10] So Du aber schon eine solche Rede gehalten hast, da hast Du auch sicher dadurch den Menschen eine verborgene Wahrheit kundtun wollen nach der Weise der alten Propheten, wie ich das mir freilich erst jetzt vorstelle. Doch so ich auch vor einem Jahre in der Gesellschaft gewesen wäre, so wäre sicher auch ich mit den andern durchgegangen.

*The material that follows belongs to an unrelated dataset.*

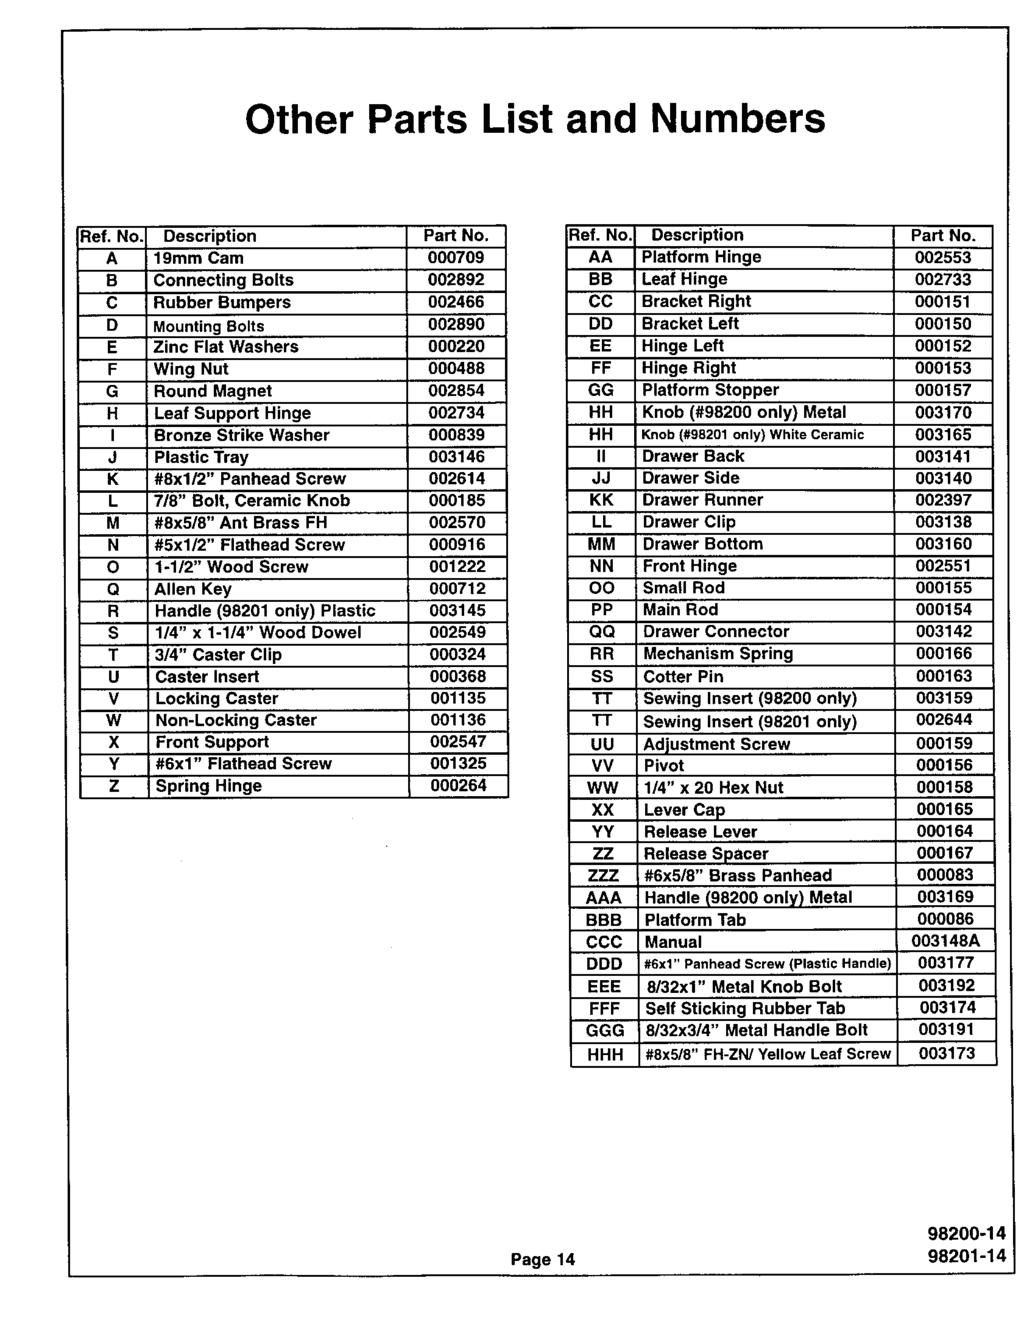 Other Parts List and Numbers Fief.

11] Aber nun kann ich es mir schon vorstellen, was Du den Menschen damit hast sagen wollen, und ich meine, daß wir nun bald Dein Fleisch und Blut genießen werden materiell, so wie wir nun aus Deinem Munde geistig wahrhaft Dein Fleisch und Blut genossen haben. Und so habe ich denn nun nach Deinem Willen geredet ohne einen Vorbehalt.«

12] Ich belobte nun den Wirt, und alle Anwesenden hatten eine große Freude an ihm, und Meine alten Jünger staunten über seinen Verstand, wie auch die Römer.